The CIS Economic Court has ascertained that according to the Agreement dated December 23, 1995 the city of Baikonur is an administrative unit of the Republic of Kazakhstan which is functioning on lease terms. For the period of lease the Baikonur Complex of the city of Baikonur has, in its relations with the Russian Federation, a status corresponding to that of the federal-standing city of the Russian Federation for which special regulations for safe functioning of any objects, enterprises, and organizations, as well as for residence of the citizens have been established (paragraph three in Item 1 Article 1).

 

Article 7 of the Agreement has established powers of the Head of City Administration related to management of the city of Baikonur, including powers to grant tax concessions.

 

Article 12 of the Agreement dated December 23, 1995 specifies the sources of the Baikonur budget formation, and in addition to local taxes includes also federal taxes and other earnings in the territories of Baikonur into the sources of budget receipts.
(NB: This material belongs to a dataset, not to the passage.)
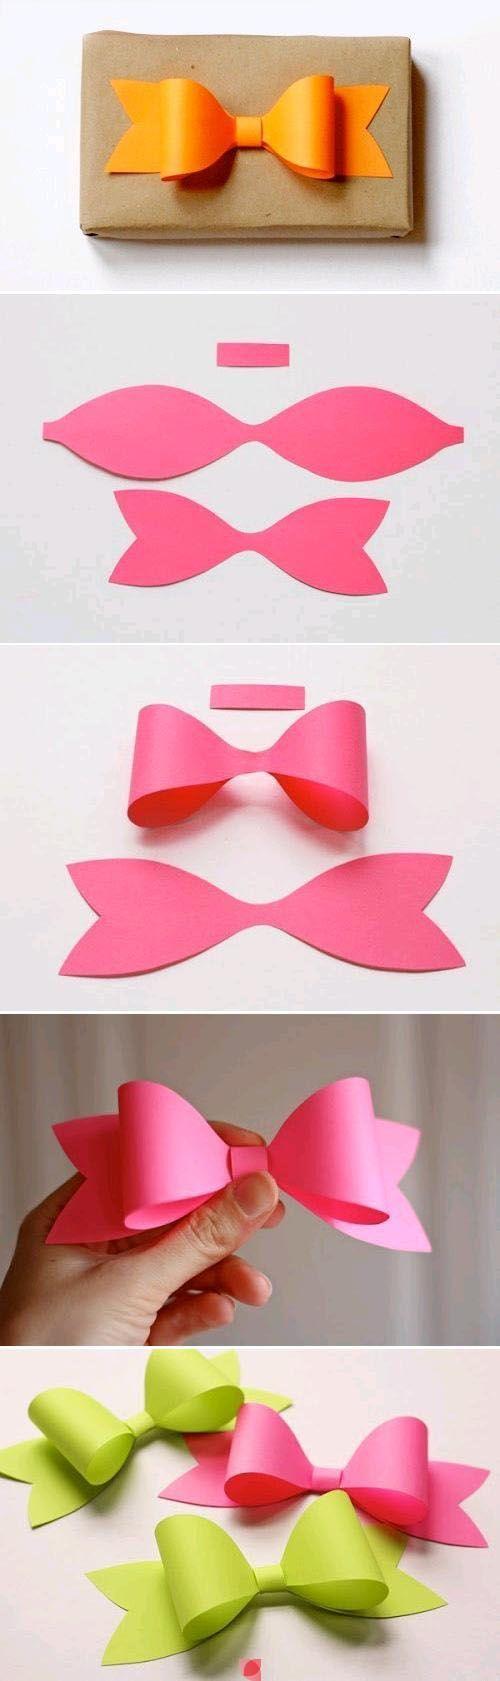 Voluminous paper bow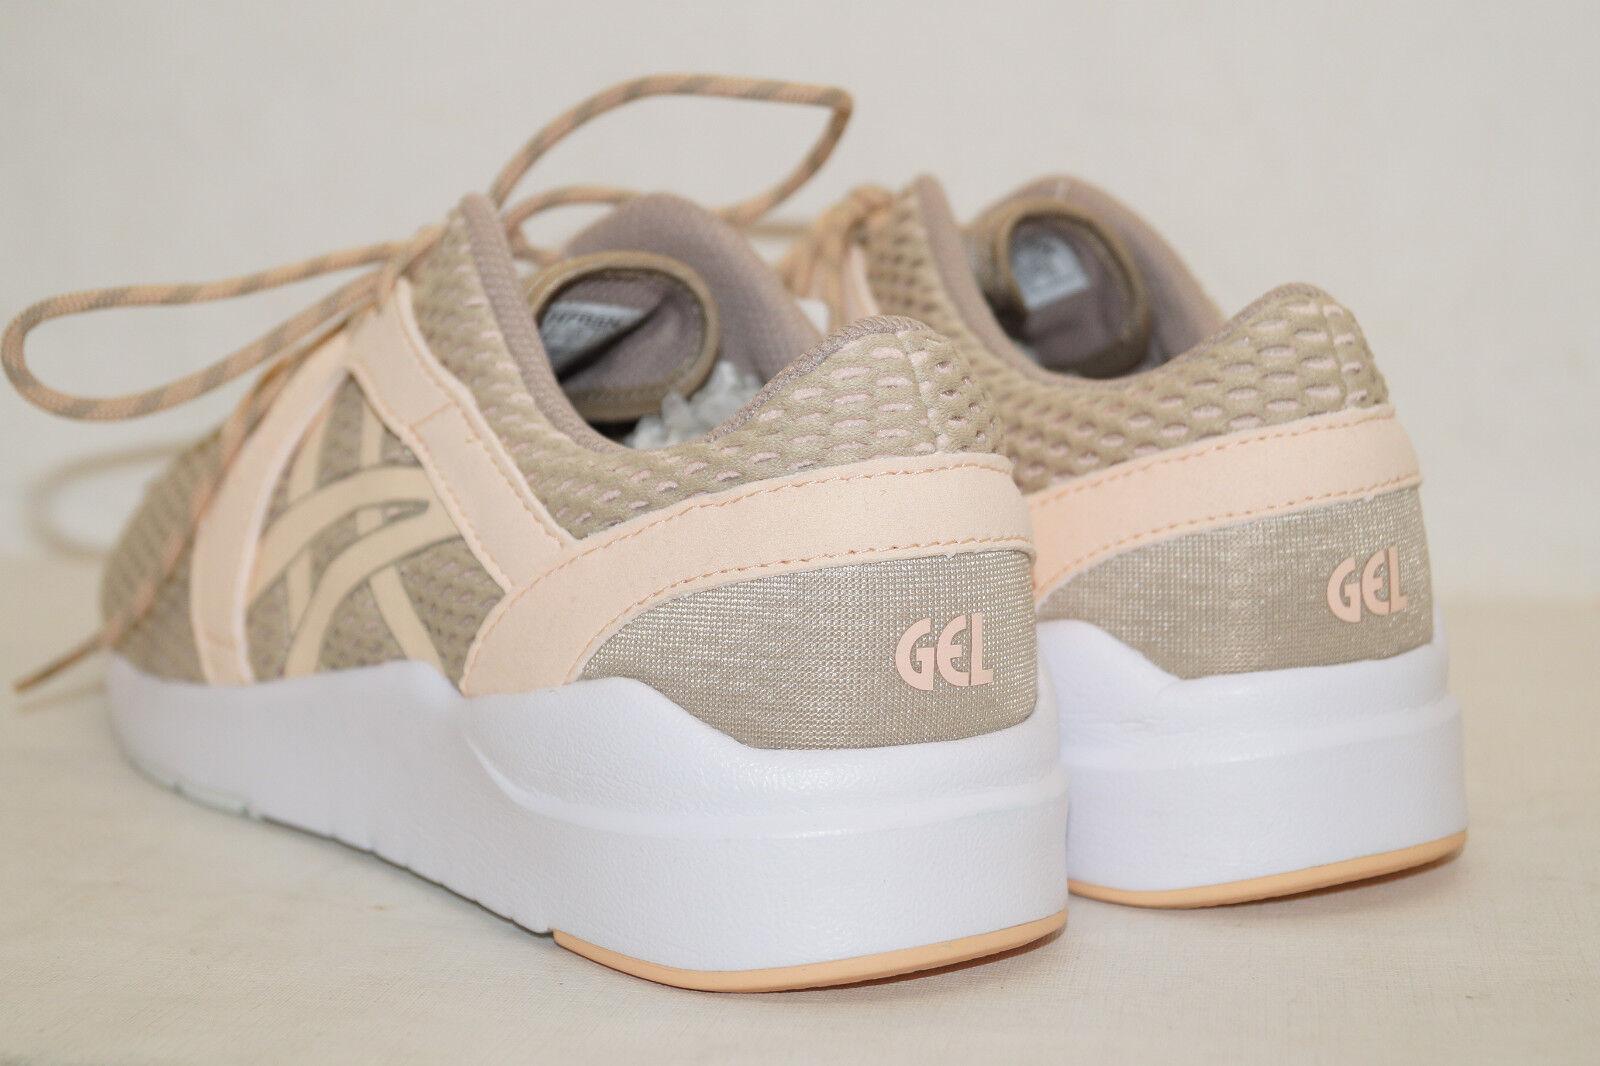 big sale edf14 c9ab8 ... New Adidas AdiZero Approach Tennis Shoe CQ1855   White  55  55  55  6a6ad9 ...

Nevertheless, this Article has its own subject-matter to govern, and does not cover powers of the Baikonur Head of Administration to grant tax concessions.

 

The terms of reference of the Baikonur Head of Administration in his/her capacity of an official of the Russian Federation shall be specified in compliance with the legislation of the Russian Federation (paragraph seven in Item 1 Article 7 of the Agreement dated December 23, 1995), according to which he/she shall be entitled to grant tax concessions only with respect to local (not federal) taxes. The CIS Economic court also believes that since Item 4 in the Rules of granting tax concessions No. 747 dated January 25, 2001 pertains to federal tax concessions, it does not conflict with the provisions contained in paragraph seven Item 1 Article 1 of the Agreement dated December 23, 1995.